#### INSTRUCTIONS FOR THE TASK
Reproduce the complete set of records, exactly as they appear.

[Extracted data entries]
__________
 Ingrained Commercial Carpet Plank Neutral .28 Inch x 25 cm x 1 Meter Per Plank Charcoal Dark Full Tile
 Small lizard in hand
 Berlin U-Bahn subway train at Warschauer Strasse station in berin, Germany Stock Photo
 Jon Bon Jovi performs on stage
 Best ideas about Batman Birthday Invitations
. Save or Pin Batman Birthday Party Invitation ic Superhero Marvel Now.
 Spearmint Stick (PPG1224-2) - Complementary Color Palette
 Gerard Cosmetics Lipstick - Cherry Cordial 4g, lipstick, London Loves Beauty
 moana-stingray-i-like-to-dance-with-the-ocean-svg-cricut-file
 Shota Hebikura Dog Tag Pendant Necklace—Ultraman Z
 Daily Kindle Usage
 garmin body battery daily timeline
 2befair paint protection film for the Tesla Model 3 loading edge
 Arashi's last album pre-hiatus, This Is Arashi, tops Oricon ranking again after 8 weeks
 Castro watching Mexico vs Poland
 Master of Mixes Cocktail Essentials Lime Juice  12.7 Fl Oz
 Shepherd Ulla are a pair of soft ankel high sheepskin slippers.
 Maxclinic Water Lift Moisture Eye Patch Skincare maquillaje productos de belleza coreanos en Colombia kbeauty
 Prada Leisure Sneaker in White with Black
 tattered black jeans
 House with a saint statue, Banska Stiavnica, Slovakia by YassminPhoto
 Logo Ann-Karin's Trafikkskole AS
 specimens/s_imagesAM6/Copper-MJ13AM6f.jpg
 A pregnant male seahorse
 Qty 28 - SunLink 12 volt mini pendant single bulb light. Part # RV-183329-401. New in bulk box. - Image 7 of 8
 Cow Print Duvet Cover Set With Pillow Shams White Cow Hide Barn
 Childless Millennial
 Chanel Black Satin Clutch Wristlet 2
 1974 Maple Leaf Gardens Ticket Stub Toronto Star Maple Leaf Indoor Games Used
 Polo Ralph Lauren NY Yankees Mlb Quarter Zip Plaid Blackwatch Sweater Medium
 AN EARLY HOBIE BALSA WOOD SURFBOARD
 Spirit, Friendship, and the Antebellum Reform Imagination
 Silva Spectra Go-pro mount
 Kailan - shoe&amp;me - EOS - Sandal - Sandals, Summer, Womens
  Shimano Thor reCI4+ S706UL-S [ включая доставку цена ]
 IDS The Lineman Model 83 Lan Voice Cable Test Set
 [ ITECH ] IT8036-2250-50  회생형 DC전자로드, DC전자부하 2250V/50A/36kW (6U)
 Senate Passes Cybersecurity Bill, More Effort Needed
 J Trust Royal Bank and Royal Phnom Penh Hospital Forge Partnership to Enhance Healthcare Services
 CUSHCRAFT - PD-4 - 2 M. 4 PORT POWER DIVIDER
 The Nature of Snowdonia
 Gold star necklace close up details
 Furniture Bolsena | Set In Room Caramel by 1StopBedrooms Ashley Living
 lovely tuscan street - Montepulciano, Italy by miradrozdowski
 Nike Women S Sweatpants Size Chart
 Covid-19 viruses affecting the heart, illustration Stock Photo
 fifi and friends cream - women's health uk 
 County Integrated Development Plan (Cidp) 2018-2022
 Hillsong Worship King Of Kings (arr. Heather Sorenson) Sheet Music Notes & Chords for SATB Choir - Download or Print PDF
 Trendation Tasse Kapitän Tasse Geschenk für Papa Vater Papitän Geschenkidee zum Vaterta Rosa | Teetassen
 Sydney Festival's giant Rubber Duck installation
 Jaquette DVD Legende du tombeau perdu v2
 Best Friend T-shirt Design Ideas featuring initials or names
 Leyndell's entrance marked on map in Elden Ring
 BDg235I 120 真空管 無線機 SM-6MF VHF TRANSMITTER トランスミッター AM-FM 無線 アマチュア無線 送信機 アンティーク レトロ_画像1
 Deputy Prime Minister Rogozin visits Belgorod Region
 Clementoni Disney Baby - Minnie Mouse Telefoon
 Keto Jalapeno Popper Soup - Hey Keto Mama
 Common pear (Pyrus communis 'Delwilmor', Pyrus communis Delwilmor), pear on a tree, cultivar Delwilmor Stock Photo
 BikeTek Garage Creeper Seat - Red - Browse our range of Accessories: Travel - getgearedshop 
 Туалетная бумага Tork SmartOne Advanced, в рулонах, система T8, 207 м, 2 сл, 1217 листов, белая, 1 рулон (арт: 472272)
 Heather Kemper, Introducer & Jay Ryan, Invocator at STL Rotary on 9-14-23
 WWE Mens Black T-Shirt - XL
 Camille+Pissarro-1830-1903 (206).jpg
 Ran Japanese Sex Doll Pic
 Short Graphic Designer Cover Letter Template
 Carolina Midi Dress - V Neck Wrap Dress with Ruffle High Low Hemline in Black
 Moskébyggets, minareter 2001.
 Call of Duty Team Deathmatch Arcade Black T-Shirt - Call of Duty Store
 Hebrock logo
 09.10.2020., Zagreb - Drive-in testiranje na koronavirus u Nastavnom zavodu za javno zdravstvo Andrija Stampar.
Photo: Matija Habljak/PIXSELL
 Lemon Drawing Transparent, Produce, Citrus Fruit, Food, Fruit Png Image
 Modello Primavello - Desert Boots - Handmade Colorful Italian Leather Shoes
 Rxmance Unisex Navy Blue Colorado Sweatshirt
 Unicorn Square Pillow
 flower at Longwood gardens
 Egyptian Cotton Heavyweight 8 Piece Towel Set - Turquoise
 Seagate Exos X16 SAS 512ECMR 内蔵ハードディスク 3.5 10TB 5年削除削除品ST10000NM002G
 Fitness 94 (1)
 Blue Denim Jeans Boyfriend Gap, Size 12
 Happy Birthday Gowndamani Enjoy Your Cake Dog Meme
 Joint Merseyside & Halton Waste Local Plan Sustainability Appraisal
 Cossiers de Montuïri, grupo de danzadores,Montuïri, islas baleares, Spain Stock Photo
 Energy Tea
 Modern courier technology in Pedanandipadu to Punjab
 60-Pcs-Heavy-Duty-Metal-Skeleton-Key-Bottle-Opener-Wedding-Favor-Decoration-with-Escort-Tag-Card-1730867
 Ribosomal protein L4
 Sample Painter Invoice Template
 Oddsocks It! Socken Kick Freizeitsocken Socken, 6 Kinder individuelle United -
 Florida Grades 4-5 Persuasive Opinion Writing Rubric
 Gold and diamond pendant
__________
#### SOLUTION BELOW
 Ingrained Commercial Carpet Plank Neutral .28 Inch x 25 cm x 1 Meter Per Plank Charcoal Dark Full Tile
 Small lizard in hand
 Berlin U-Bahn subway train at Warschauer Strasse station in berin, Germany Stock Photo
 Jon Bon Jovi performs on stage
 Best ideas about Batman Birthday Invitations
. Save or Pin Batman Birthday Party Invitation ic Superhero Marvel Now.
 Spearmint Stick (PPG1224-2) - Complementary Color Palette
 Gerard Cosmetics Lipstick - Cherry Cordial 4g, lipstick, London Loves Beauty
 moana-stingray-i-like-to-dance-with-the-ocean-svg-cricut-file
 Shota Hebikura Dog Tag Pendant Necklace—Ultraman Z
 Daily Kindle Usage
 garmin body battery daily timeline
 2befair paint protection film for the Tesla Model 3 loading edge
 Arashi's last album pre-hiatus, This Is Arashi, tops Oricon ranking again after 8 weeks
 Castro watching Mexico vs Poland
 Master of Mixes Cocktail Essentials Lime Juice  12.7 Fl Oz
 Shepherd Ulla are a pair of soft ankel high sheepskin slippers.
 Maxclinic Water Lift Moisture Eye Patch Skincare maquillaje productos de belleza coreanos en Colombia kbeauty
 Prada Leisure Sneaker in White with Black
 tattered black jeans
 House with a saint statue, Banska Stiavnica, Slovakia by YassminPhoto
 Logo Ann-Karin's Trafikkskole AS
 specimens/s_imagesAM6/Copper-MJ13AM6f.jpg
 A pregnant male seahorse
 Qty 28 - SunLink 12 volt mini pendant single bulb light. Part # RV-183329-401. New in bulk box. - Image 7 of 8
 Cow Print Duvet Cover Set With Pillow Shams White Cow Hide Barn
 Childless Millennial
 Chanel Black Satin Clutch Wristlet 2
 1974 Maple Leaf Gardens Ticket Stub Toronto Star Maple Leaf Indoor Games Used
 Polo Ralph Lauren NY Yankees Mlb Quarter Zip Plaid Blackwatch Sweater Medium
 AN EARLY HOBIE BALSA WOOD SURFBOARD
 Spirit, Friendship, and the Antebellum Reform Imagination
 Silva Spectra Go-pro mount
 Kailan - shoe&amp;me - EOS - Sandal - Sandals, Summer, Womens
  Shimano Thor reCI4+ S706UL-S [ включая доставку цена ]
 IDS The Lineman Model 83 Lan Voice Cable Test Set
 [ ITECH ] IT8036-2250-50  회생형 DC전자로드, DC전자부하 2250V/50A/36kW (6U)
 Senate Passes Cybersecurity Bill, More Effort Needed
 J Trust Royal Bank and Royal Phnom Penh Hospital Forge Partnership to Enhance Healthcare Services
 CUSHCRAFT - PD-4 - 2 M. 4 PORT POWER DIVIDER
 The Nature of Snowdonia
 Gold star necklace close up details
 Furniture Bolsena | Set In Room Caramel by 1StopBedrooms Ashley Living
 lovely tuscan street - Montepulciano, Italy by miradrozdowski
 Nike Women S Sweatpants Size Chart
 Covid-19 viruses affecting the heart, illustration Stock Photo
 fifi and friends cream - women's health uk 
 County Integrated Development Plan (Cidp) 2018-2022
 Hillsong Worship King Of Kings (arr. Heather Sorenson) Sheet Music Notes & Chords for SATB Choir - Download or Print PDF
 Trendation Tasse Kapitän Tasse Geschenk für Papa Vater Papitän Geschenkidee zum Vaterta Rosa | Teetassen
 Sydney Festival's giant Rubber Duck installation
 Jaquette DVD Legende du tombeau perdu v2
 Best Friend T-shirt Design Ideas featuring initials or names
 Leyndell's entrance marked on map in Elden Ring
 BDg235I 120 真空管 無線機 SM-6MF VHF TRANSMITTER トランスミッター AM-FM 無線 アマチュア無線 送信機 アンティーク レトロ_画像1
 Deputy Prime Minister Rogozin visits Belgorod Region
 Clementoni Disney Baby - Minnie Mouse Telefoon
 Keto Jalapeno Popper Soup - Hey Keto Mama
 Common pear (Pyrus communis 'Delwilmor', Pyrus communis Delwilmor), pear on a tree, cultivar Delwilmor Stock Photo
 BikeTek Garage Creeper Seat - Red - Browse our range of Accessories: Travel - getgearedshop 
 Туалетная бумага Tork SmartOne Advanced, в рулонах, система T8, 207 м, 2 сл, 1217 листов, белая, 1 рулон (арт: 472272)
 Heather Kemper, Introducer & Jay Ryan, Invocator at STL Rotary on 9-14-23
 WWE Mens Black T-Shirt - XL
 Camille+Pissarro-1830-1903 (206).jpg
 Ran Japanese Sex Doll Pic
 Short Graphic Designer Cover Letter Template
 Carolina Midi Dress - V Neck Wrap Dress with Ruffle High Low Hemline in Black
 Moskébyggets, minareter 2001.
 Call of Duty Team Deathmatch Arcade Black T-Shirt - Call of Duty Store
 Hebrock logo
 09.10.2020., Zagreb - Drive-in testiranje na koronavirus u Nastavnom zavodu za javno zdravstvo Andrija Stampar.
Photo: Matija Habljak/PIXSELL
 Lemon Drawing Transparent, Produce, Citrus Fruit, Food, Fruit Png Image
 Modello Primavello - Desert Boots - Handmade Colorful Italian Leather Shoes
 Rxmance Unisex Navy Blue Colorado Sweatshirt
 Unicorn Square Pillow
 flower at Longwood gardens
 Egyptian Cotton Heavyweight 8 Piece Towel Set - Turquoise
 Seagate Exos X16 SAS 512ECMR 内蔵ハードディスク 3.5 10TB 5年削除削除品ST10000NM002G
 Fitness 94 (1)
 Blue Denim Jeans Boyfriend Gap, Size 12
 Happy Birthday Gowndamani Enjoy Your Cake Dog Meme
 Joint Merseyside & Halton Waste Local Plan Sustainability Appraisal
 Cossiers de Montuïri, grupo de danzadores,Montuïri, islas baleares, Spain Stock Photo
 Energy Tea
 Modern courier technology in Pedanandipadu to Punjab
 60-Pcs-Heavy-Duty-Metal-Skeleton-Key-Bottle-Opener-Wedding-Favor-Decoration-with-Escort-Tag-Card-1730867
 Ribosomal protein L4
 Sample Painter Invoice Template
 Oddsocks It! Socken Kick Freizeitsocken Socken, 6 Kinder individuelle United -
 Florida Grades 4-5 Persuasive Opinion Writing Rubric
 Gold and diamond pendant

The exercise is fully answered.